Again, this court made a decision which has an important bearing upon appellant's contention as to the resulting effect of the various statutory enactments as they existed after 1884 and before 1890.
In Matter of W.S.A.  P.R.R. Co. (115 N.Y. 442) it was held in substance that chapter 140 of the Laws of 1850 and its amendments authorized the formation and operation of street surface railroads. This decision was made in 1889 or several years after the passage of the act of 1884 which it is now argued assumed exclusive jurisdiction of the incorporation and operation of said railroads, and it was passing upon an application at that date being made under said act for the appointment of commissioners. There was no suggestion that the act of 1884 had become a substitute for the act of 1850 as applied to street surface railroads, but, upon the other hand, the broad language used in the opinion quoted quite exclusively negatives any such idea.
But now we proceed further to a consideration of the statutory enactments as they had been changed, consolidated and formulated prior to the date when appellant obtained its franchise. Therein we think will be found a refutation of the argument that so far as street surface railroads are concerned the statutory provisions originally adopted in 1884 including *Page 180 
the substance of what is now the non-self-executing forfeiture provisions of section 99 of the Railroad Law, have been substituted for or have repealed what were once provisions of the act of 1850 including the substance of what is now section 5 of said Railroad Law.
The Railroad Law adopted in 1890, chapter 565, covers the subject of both steam and street surface railroads. It supplants both the statutes of 1850 and 1884 as theretofore existing and embodies provisions drawn from each. Its interpretation really and finally measures appellant's rights here, and the other propositions heretofore discussed are mainly of interest as leading up to and aiding that interpretation.
Some things are undisputed. The legislature sought to combine into a single enactment, which is not always plain and harmonious in all of its details, provisions for the incorporation, operation and control of both steam and surface railroads. Articles I, II and III cover steam roads. Article IV relates solely to street surface roads. But it will not be claimed that the latter article fully and exclusively provides for the organization, operation and control of such roads, for manifestly resort must be had to various provisions in the other articles for powers and privileges essential to their organization and operation. Some provisions in those other articles are plainly not applicable to them. Apparently, therefore, the legislature, while specifically making street surface roads subject to the provisions of article IV, intended that they should also be subject to the provisions of the other articles, so far as the latter were necessary and germane, and upon a survey of the entire statute we cannot arbitrarily say that a provision like section 5 is not applicable simply because not found in article IV, but the question of its applicability must be determined by general rules governing this subject.
We think it must be held thus applicable unless either it is clearly inconsistent with, or repugnant to, later provisions to be found in the act, or unless the legislature has made clear in some other way its intention that it should not apply to street surface roads.
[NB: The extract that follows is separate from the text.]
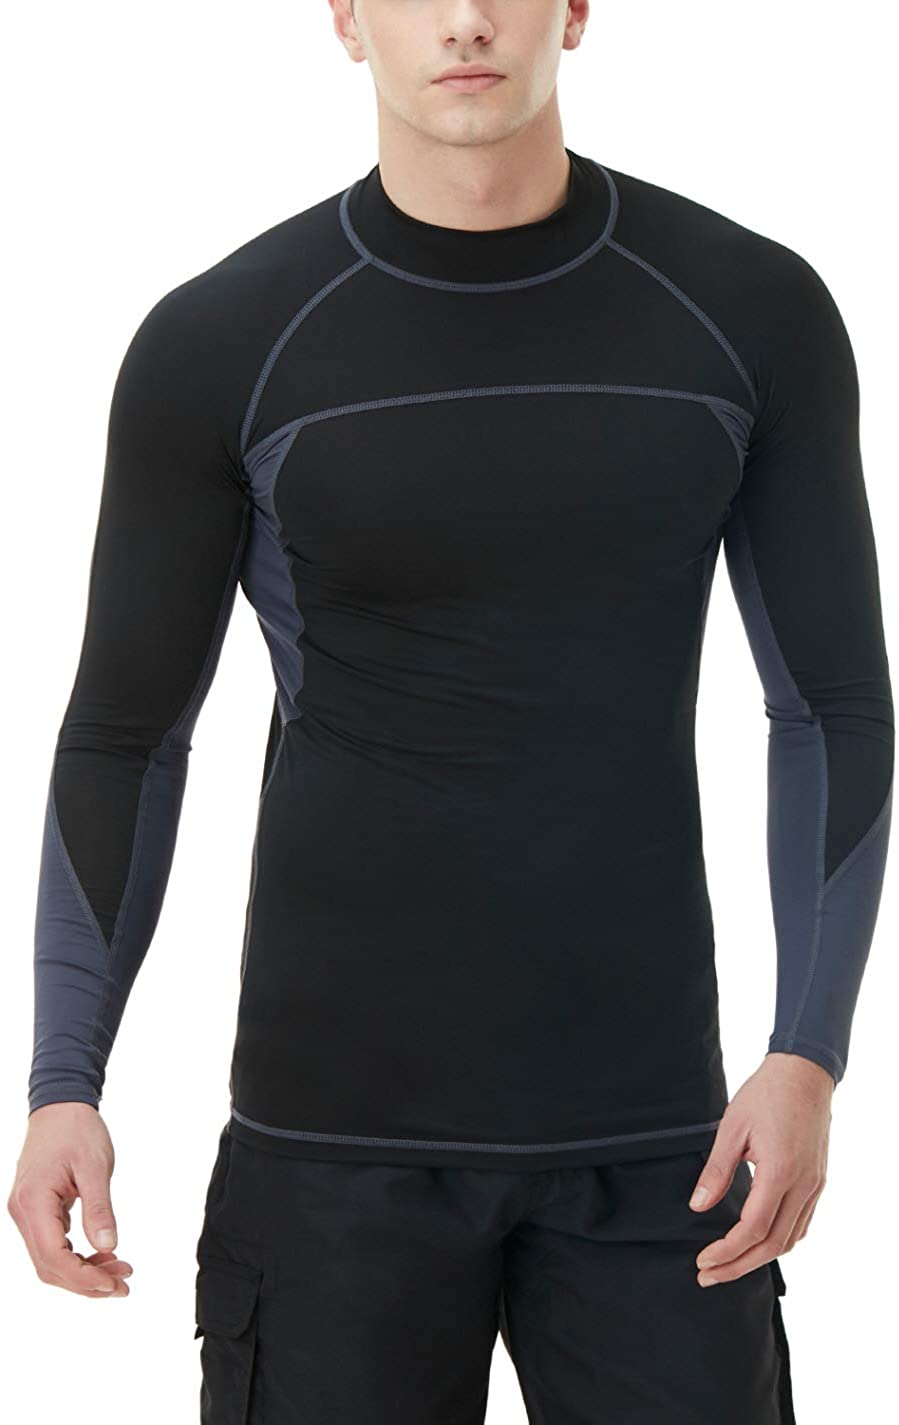 TSLA Men's Rashguard Swim Shirts UPF 50 Loose-Fit Long Sleeve Shirts Cool Running Workout SPF/UV Tee Shirts

We do not find the existence of any of *Page 181 
these obstacles. Leaving out of consideration for the moment the objections especially urged to the appropriateness of such section as governing extensions of a street surface road, we do not see any difficulty in applying to such roads the provisions both of said section and of section 99, which is said to be inconsistent and repugnant. In fact, we think that both sections are needed to protect the public from undue delay upon the part of a corporation in commencing and completing its road. Section 99 requires the corporation to commence and complete the construction of its road within a certain period after the consent of the local authorities and property owners or the substitute for the latter have been obtained. This protection is valuable so far as it goes, but it does not cover the entire subject. It does not specify any time within which such consents must be obtained and so far as its provisions are concerned, a railroad company after filing its certificate of incorporation, or, as we shall hereafter say and for the moment assume, its certificate of extension, might delay indefinitely before proceeding to a point where it would be compelled to commence and complete its road. Section 5 supplements these provisions of the later section by requiring a corporation to proceed within a certain time fixed by the date of filing its certificate of incorporation or of extension. This requirement may or may not be as valuable and necessary as that prescribed by section 99, but it secures the public benefit that a corporation taking advantage of a statute allowing it to become incorporated for the purpose of building a railroad or to file a certificate for the purpose of extending such road, must exercise the privileges thus conferred within a certain time or else forfeit them. Furthermore, and what is especially pertinent here, we are unable to see any inconsistency or repugnancy between such requirements and those provided by section 99. Each section commands that as a return for privileges conferred upon it, a street surface railroad shall within a certain time take steps to utilize those privileges and make them a possible subject of use and benefit to the public. Neither section is hostile to the other but both supplement *Page 182 
each other and provide for the exercise of not unreasonable diligence by a corporation in return for privileges which are granted in part at least that it may serve public convenience and utility.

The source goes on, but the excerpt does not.